Festival of Hope PRESS RELEASE

Free, family-friendly event on August 22 gathers a city’s comeback — a rebuilt downtown, a recovery turnaround, and a racetrack brought back from the dead — onto a single field.

MANSFIELD, Ohio — On Saturday, August 22, 2026, churches from across Richland and Ashland counties will come together at the newly revived Mansfield Speedway for the Festival of Hope, a free, family-friendly community day built around a single idea: something written off can be brought back. The event is free and open to everyone, with gates opening at 3 p.m. at 400 Crall Road E., Mansfield.

Organized by Godsfield — a cross-denominational movement whose name reflects its conviction that “Mansfield is God’s field” — the Festival is expected to be one of the largest faith gatherings in the region’s recent history. It will feature live music, a free meal for families, a kids’ zone with games and activities, classic cars on display, community-resource tents, and grand-prize giveaways, capped by a message of hope from the main stage.
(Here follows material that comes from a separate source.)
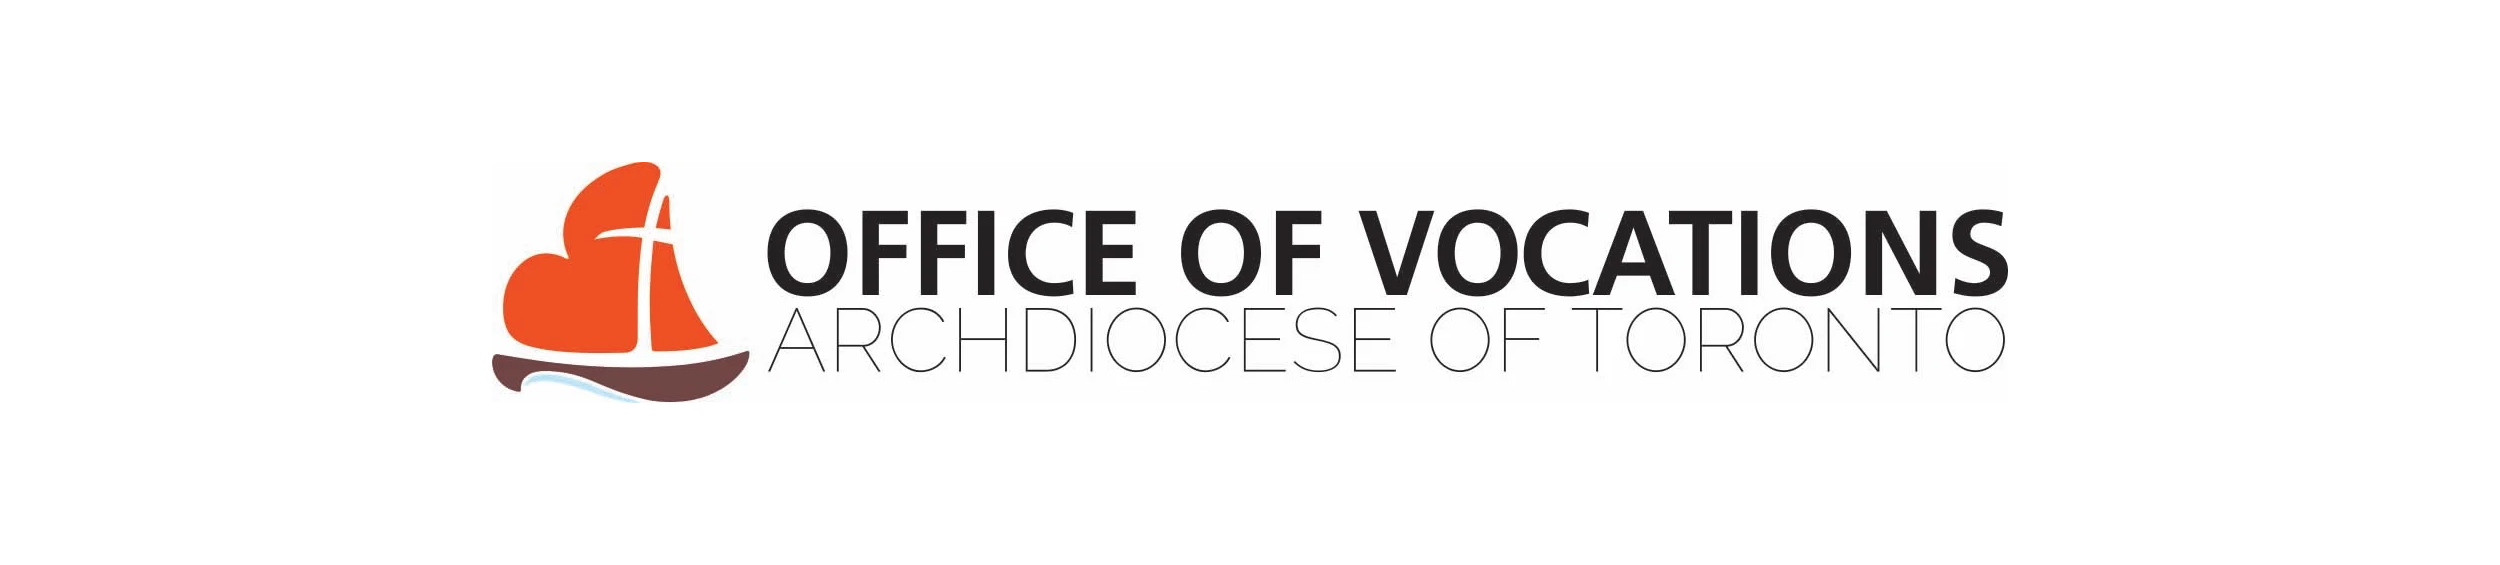 Logo of the Office of Vocations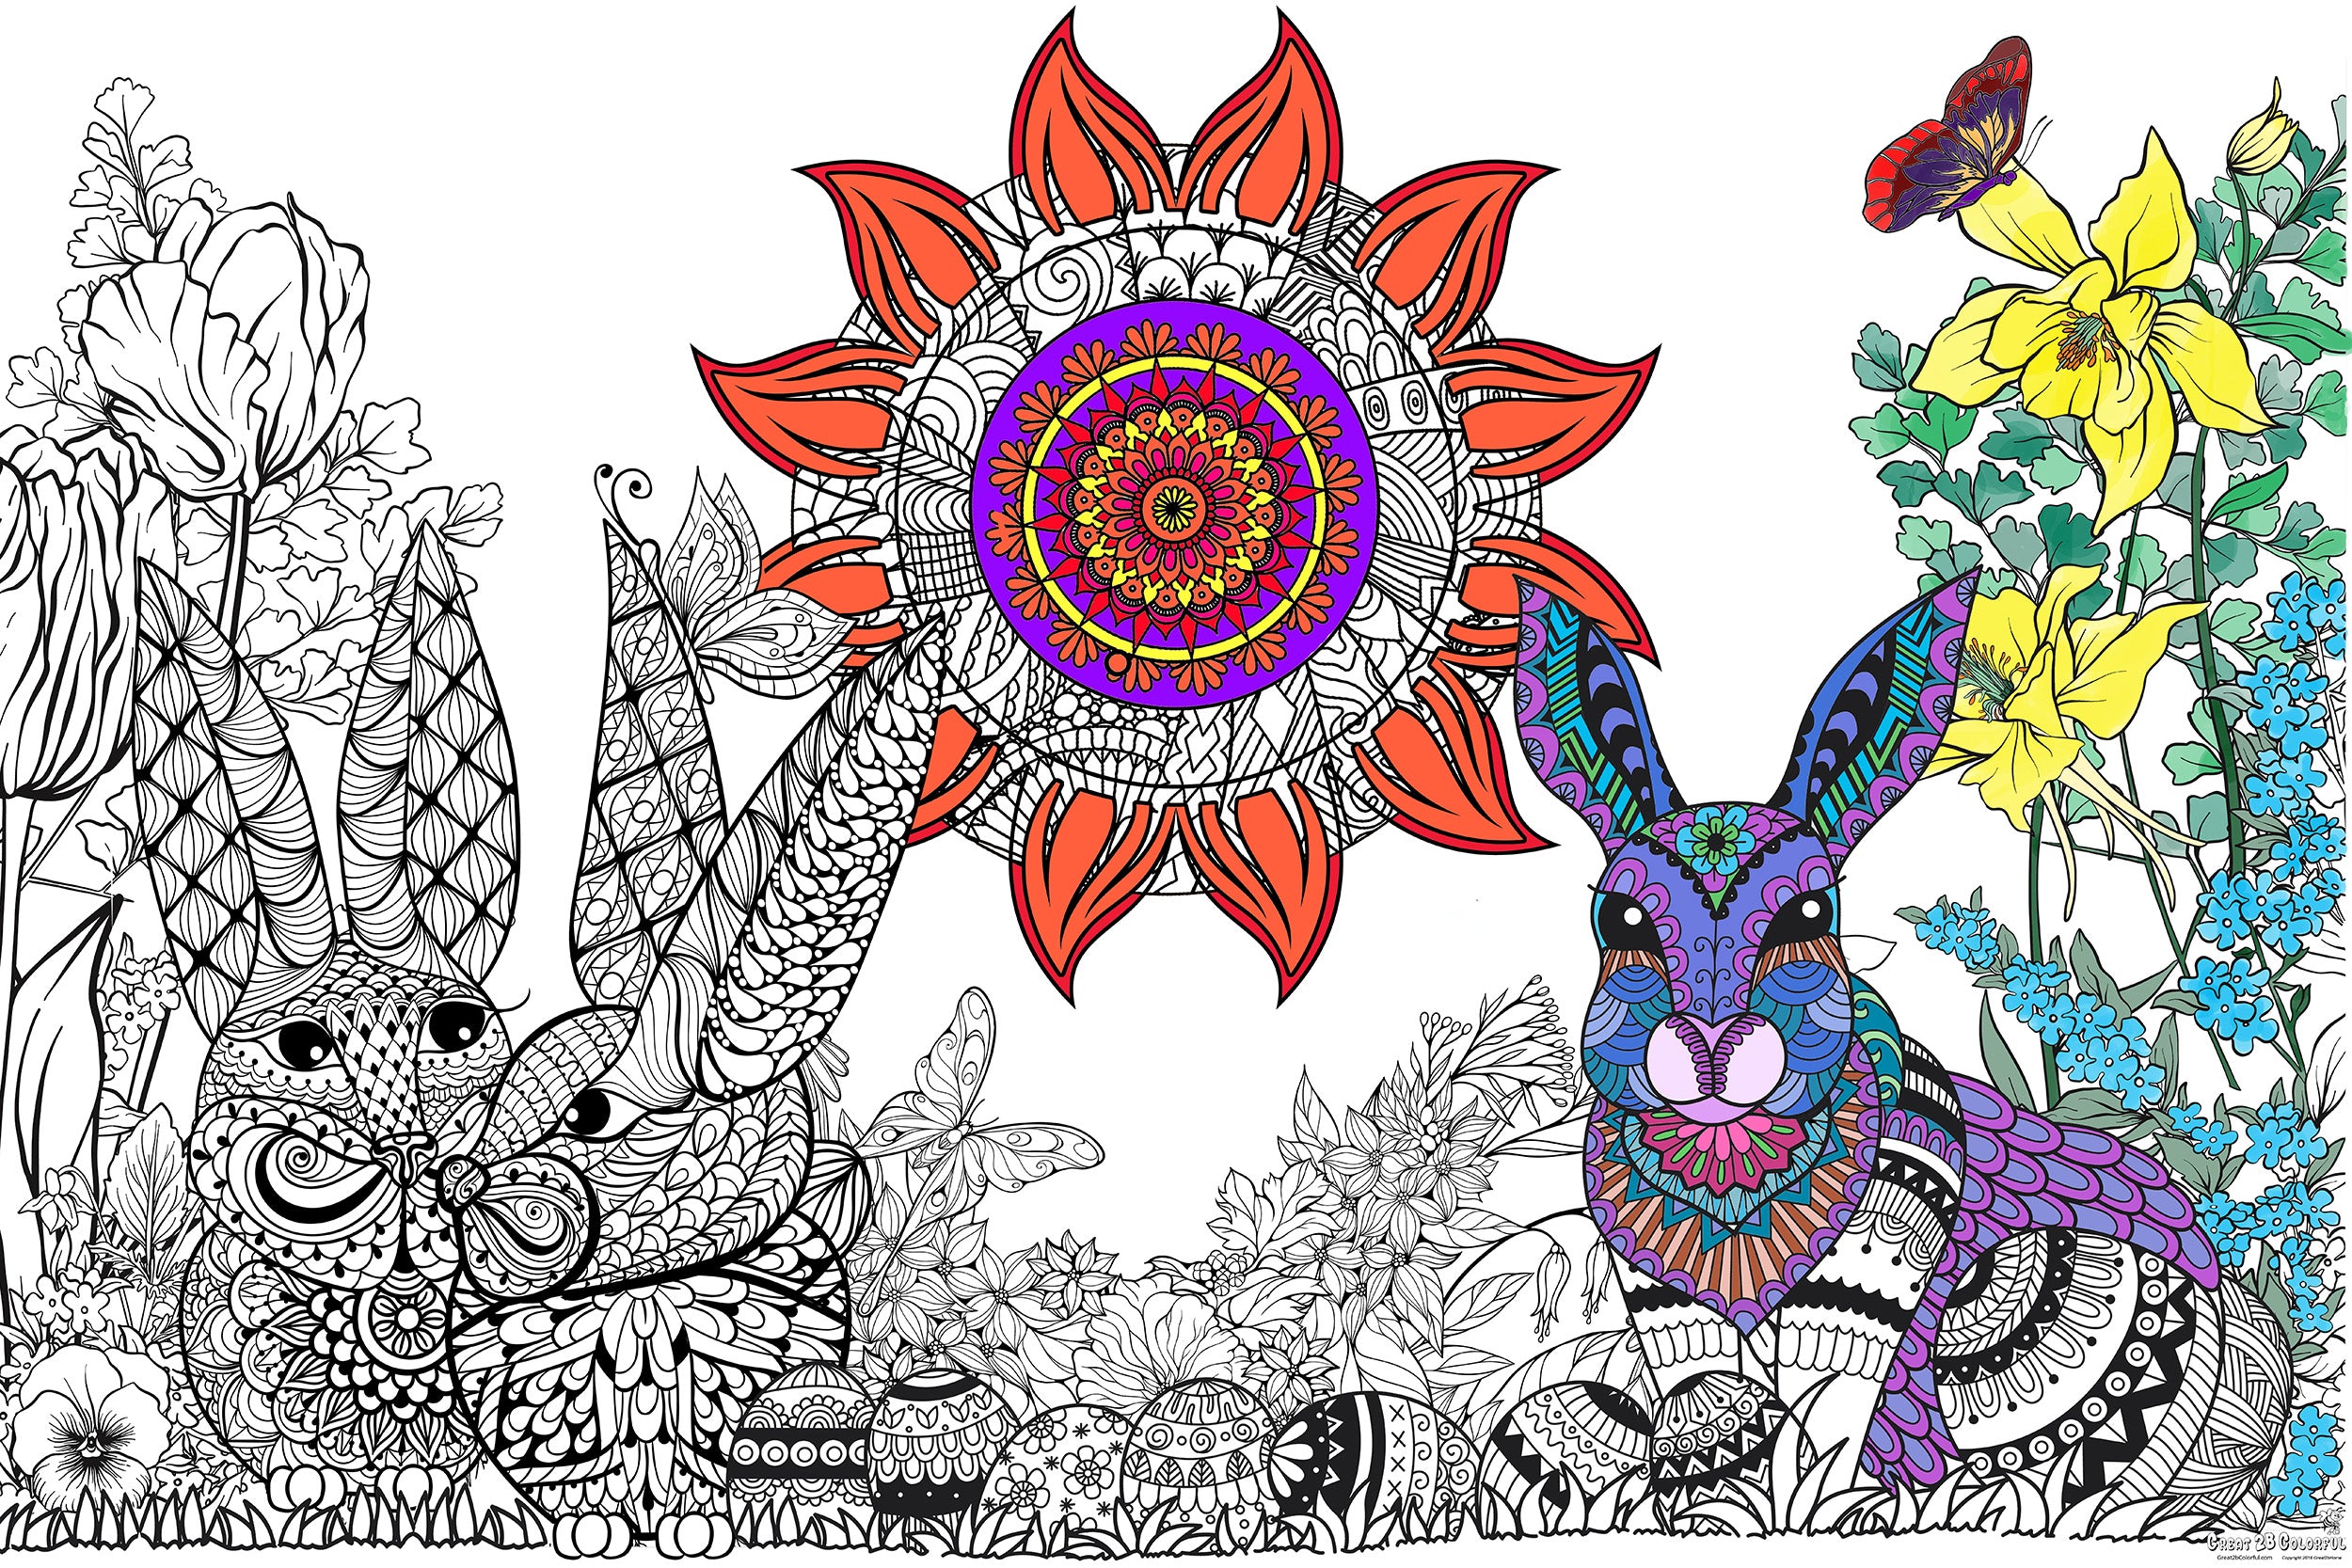 Great2bColorful - 24" x 16" Happy Easter, 4-Pack Coloring Posters

A city rebuilding itself in plain sight

The Festival lands in the middle of a city that has spent years deliberately rebuilding. Mansfield is a legacy manufacturing town whose decline began in the 1970s. Today its downtown is in the final year of a $19.3 million Main Street Corridor Improvement Project — a roughly 20-month rebuild scheduled to finish in October 2026 — with 82 percent of the funding drawn from outside the city, anchored by a $7.3 million federal RAISE grant. The project grew out of “Mansfield Rising,” a plan local residents authored themselves, and the state has since pointed to Mansfield as a model for other Ohio towns.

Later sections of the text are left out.